Background: Development and Use of Study Quality Assessment Tools

Design of the quality assessment tools

Appraisal of individual study quality was based on tailored quality assessment tools developed jointly by methodologists from NHLBI and Research Triangle Institute International. The tools were based on quality assessment methods, concepts, and other tools developed by researchers in the Agency for Healthcare Research and Quality (AHRQ) Evidence-Based Practice Centers, the Cochrane Collaboration, the USPSTF, the Scottish Intercollegiate Guidelines Network, and the National Health Service Centre for Reviews and Dissemination, as well as consulting epidemiologists and others working in evidence-based medicine, with adaptations by methodologists and NHLBI staff for this project.

The tools were designed to assist reviewers in focusing on concepts that are key for critical appraisal of the internal validity of a study. The tools were not designed to provide a list of factors comprising a numeric score. The tools were specific to individual types of included study designs and are described in more detail below.

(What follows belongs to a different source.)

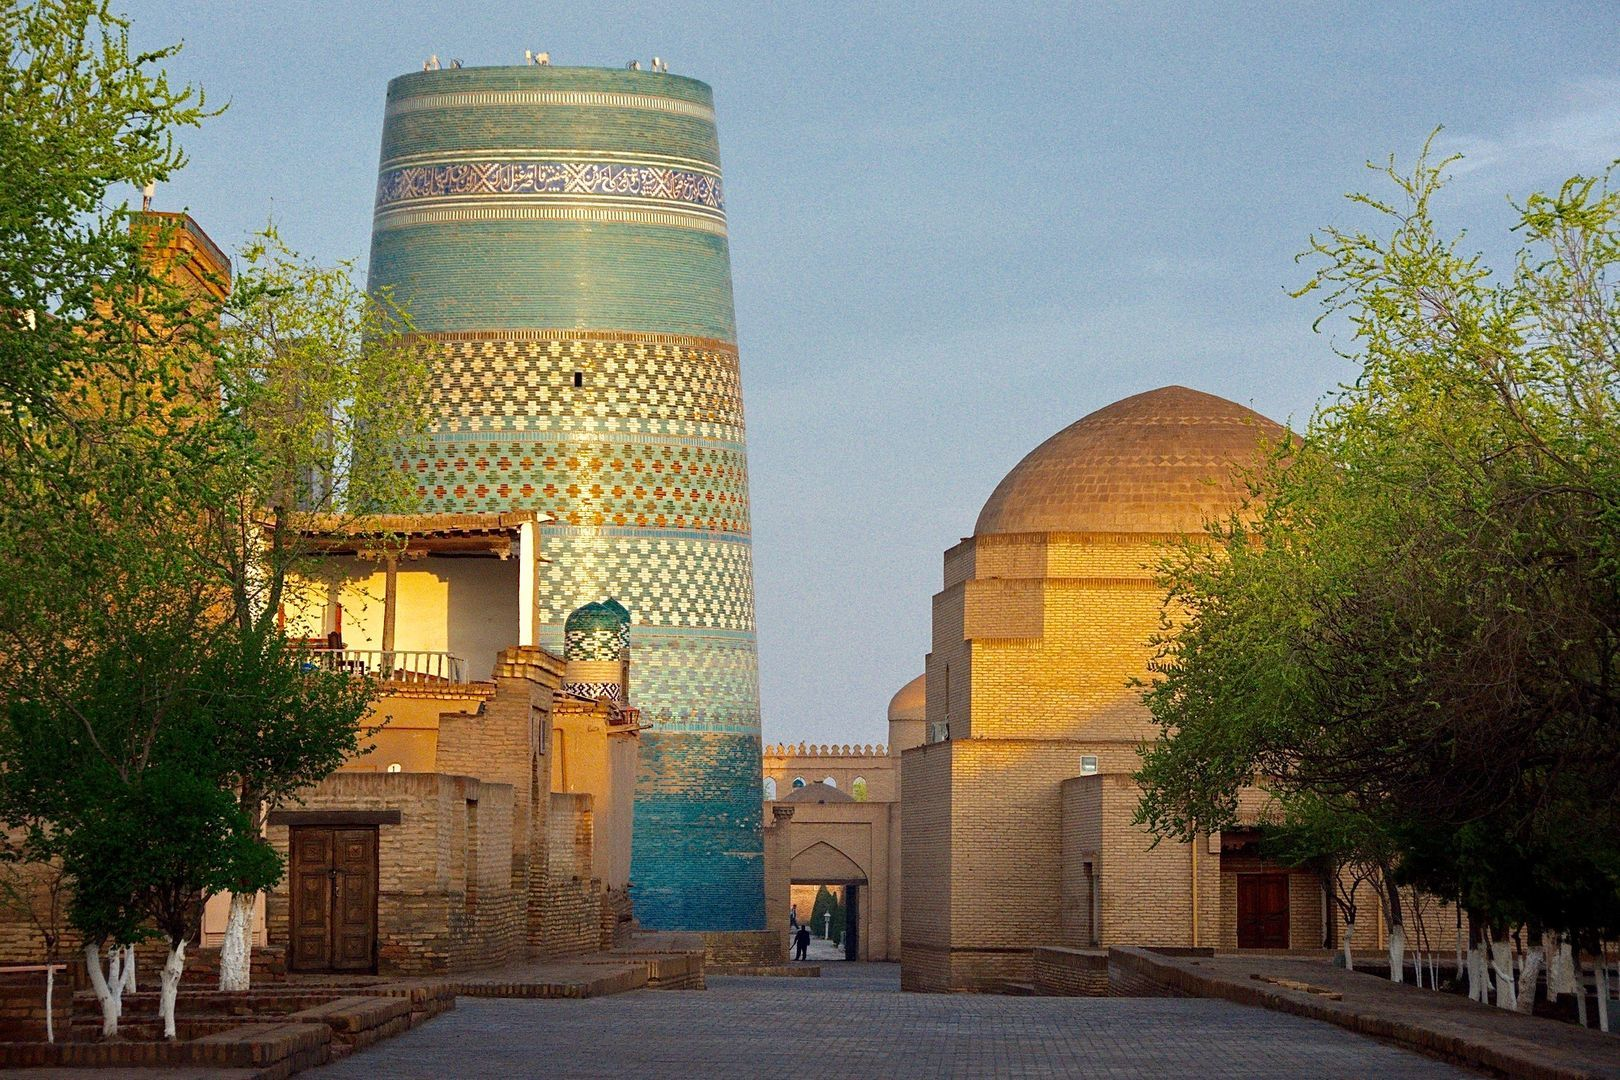 Khiva City Tour, blue big minaret in Best of Central Asia Tour

The tools included items for evaluating potential flaws in study methods or implementation, including sources of bias (e.g., patient selection, performance, attrition, and detection), confounding, study power, the strength of causality in the association between interventions and outcomes, and other factors. Quality reviewers could select "yes," "no," or "cannot determine/not reported/not applicable" in response to each item on the tool. For each item where "no" was selected, reviewers were instructed to consider the potential risk of bias that could be introduced by that flaw in the study design or implementation. Cannot determine and not reported were also noted as representing potential flaws.

Each of the quality assessment tools had a detailed guidance document, which was also developed by the methodology team and NHLBI. The guidance documents were specific to each tool and provided more detailed descriptions and examples of application of the items, as well as justifications for each item's inclusion. For some items, examples were provided to clarify the intent of the question and the appropriate rater response.

Significance of the quality ratings of good, fair, or poor

Reviewers used the study rating tools on the range of items included in each tool to judge each study to be of "good," "fair," or "poor" quality. The ratings on the different items were used by the reviewers to assess the risk of bias in the study due to flaws in study design or implementation.

In general terms, a "good" study has the least risk of bias, and results are considered to be valid. A "fair" study is susceptible to some bias deemed not sufficient to invalidate its results. The fair quality category is likely to be broad, so studies with this rating will vary in their strengths and weaknesses.

A "poor" rating indicates significant risk of bias. Studies rated poor were excluded from the body of evidence to be considered for each CQ. The only exception allowed was if there was no other evidence available, then poor quality studies could be considered. However, this exception was not applied in this project because there were no situations found where only poor quality studies were available for a body of evidence for a particular CQ.

Training for application of the quality assessment tools

The methodology team conducted a series of training sessions on the use of four of the quality assessment tools. Initial training consisted of two 2-day, in-person training sessions. Reviewers trained in the quality rating were master's or doctorate-level staff with a background in public health or health sciences. Training sessions provided instruction on identifying the correct study designs, the theory behind evidence-based research and quality assessment, explanations and rationales for the items in each tool, and methods for achieving overall judgments regarding quality ratings of good, fair, or poor. Participants engaged in interactive evaluation of multiple example articles, both with the instructors and during group work. Reviewers were also instructed to refer to related articles on study methods if such papers were cited in the articles being rated.

Following the in-person training sessions, the methodology team assigned several articles with pertinent study designs to test the abilities of each reviewer. The reviewers were asked to individually identify the correct study design, complete the appropriate quality assessment tool, and submit it to the methodology team for grading against a methodologist-developed key. A second round of training sessions was then conducted via telephone to review the results and resolve any remaining misinterpretations. Based on the results of these evaluations, a third round of exercises and training sessions was sometimes convened.

The before-after and case series studies quality assessment tools were only applied for the Obesity Panel's CQ5, which addresses bariatric surgery interventions. This CQ included those types of study designs due to the different types of issues addressed for this surgical intervention. As a result, a formal training program for using these quality assessment tools was not conducted. The training efforts were more individual and focused on reviewing the tool and guidance document with staff working on quality assessment for this CQ.

Quality assessment process

For all studies except systematic reviews and meta-analyses, each article that met the CQ's inclusion criteria was independently rated for quality by two reviewers using the appropriate tool. If the ratings differed, then reviewers discussed the article in an effort to reach consensus. If consensus was not achieved, then the article was forwarded to a methodologist for quality adjudication.

Quality rating of systematic reviews and meta-analyses was performed independently by two methodologists. If ratings differed, then reviewers discussed the article in an effort to reach consensus. When consensus was not achieved, the article was forwarded to a third methodologist for adjudication.

Expert panel members could appeal the quality of a particular study or publication, subsequent to the initial rating reported to the expert panel members. However, to enhance the objectivity of the quality rating process, the final decision on quality ratings was made by the methodology team, and not by the expert panel members.